“Scholars rely on accurate data to track and analyze the true effect of police militarization on crime,” stated the report’s lead author, Anna Gunderson, an assistant professor at Louisiana State University. “Policymakers also need accurate data to base their decisions upon. However to date, we do not have reliable data on SME transfers to local police and sheriffs through the federal government.”
President Obama halted the distribution of more extreme SME, like grenade launchers and armored vehicles, after displays of excessive force by police during the 2014 protests in Ferguson, Missouri. Former President Trump lifted those restrictions in 2017 on the supposed strength of research indicating that militarized law enforcement lowered crime rates. That same year Gunderson and her colleagues from Emory University started examining figures from the 1033 program, a primary provider of SME to local jurisdictions.
“When we looked at the data and ran the replications, nothing looked like the results being cited by the Trump administration,” remarked Gunderson. “We spent a year trying to diagnose the problem.”

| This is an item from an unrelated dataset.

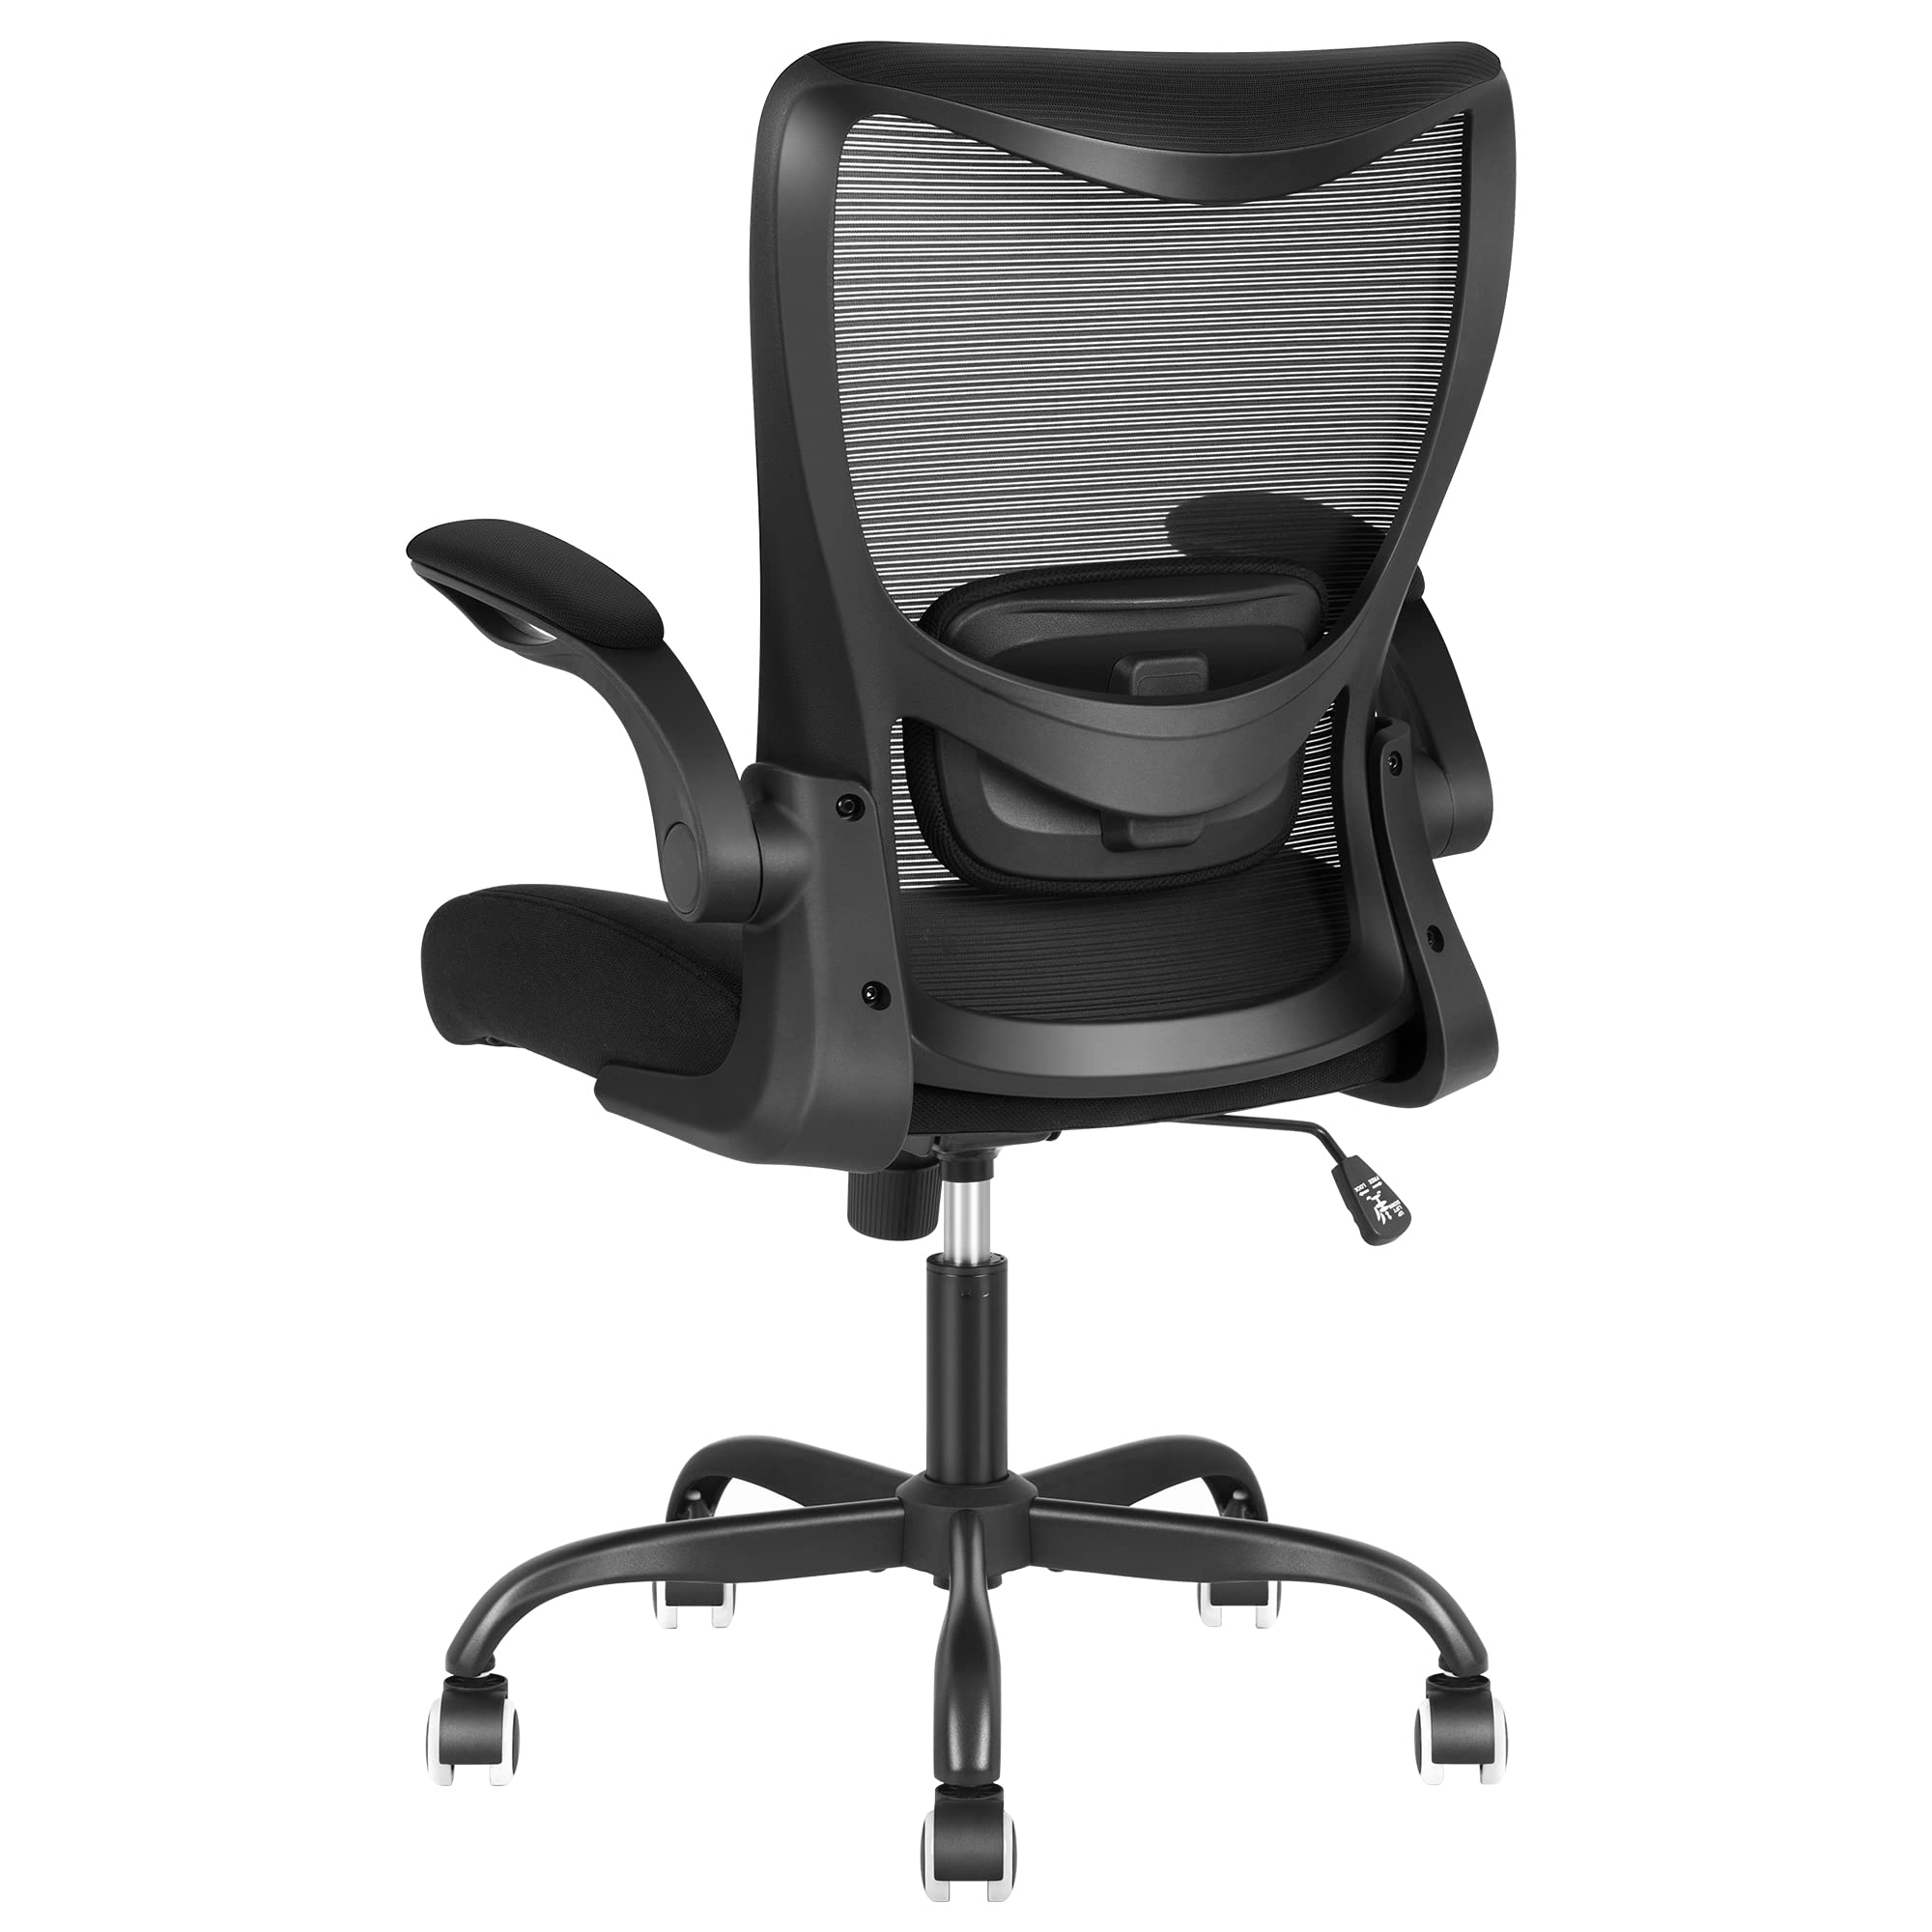 MUXXSTIL Office chair, Mid Back Desk chair with Breathable Mesh, Ergonomic  Task chair with Adjustable Lumbar Support, Swivel computer cha

A comparison of data from 2014 and 2018 showed SME disappeared from the inventories of some local law enforcement and items appeared in those of others during a period when procuring such equipment was prohibited. Because the information furnished by the Department of Defense proved unreliable, researchers determined that claims that the SME allocations reduced crime could not be sustained.
“This is a cautionary tale about the importance of oversight,” said Tom Clark, a political science professor at Emory. “The most important thing for policy makers and the public to know is that you can’t justify giving surplus military equipment to police departments on the grounds it will lead to a reduction in crime. There is no evidence for that.”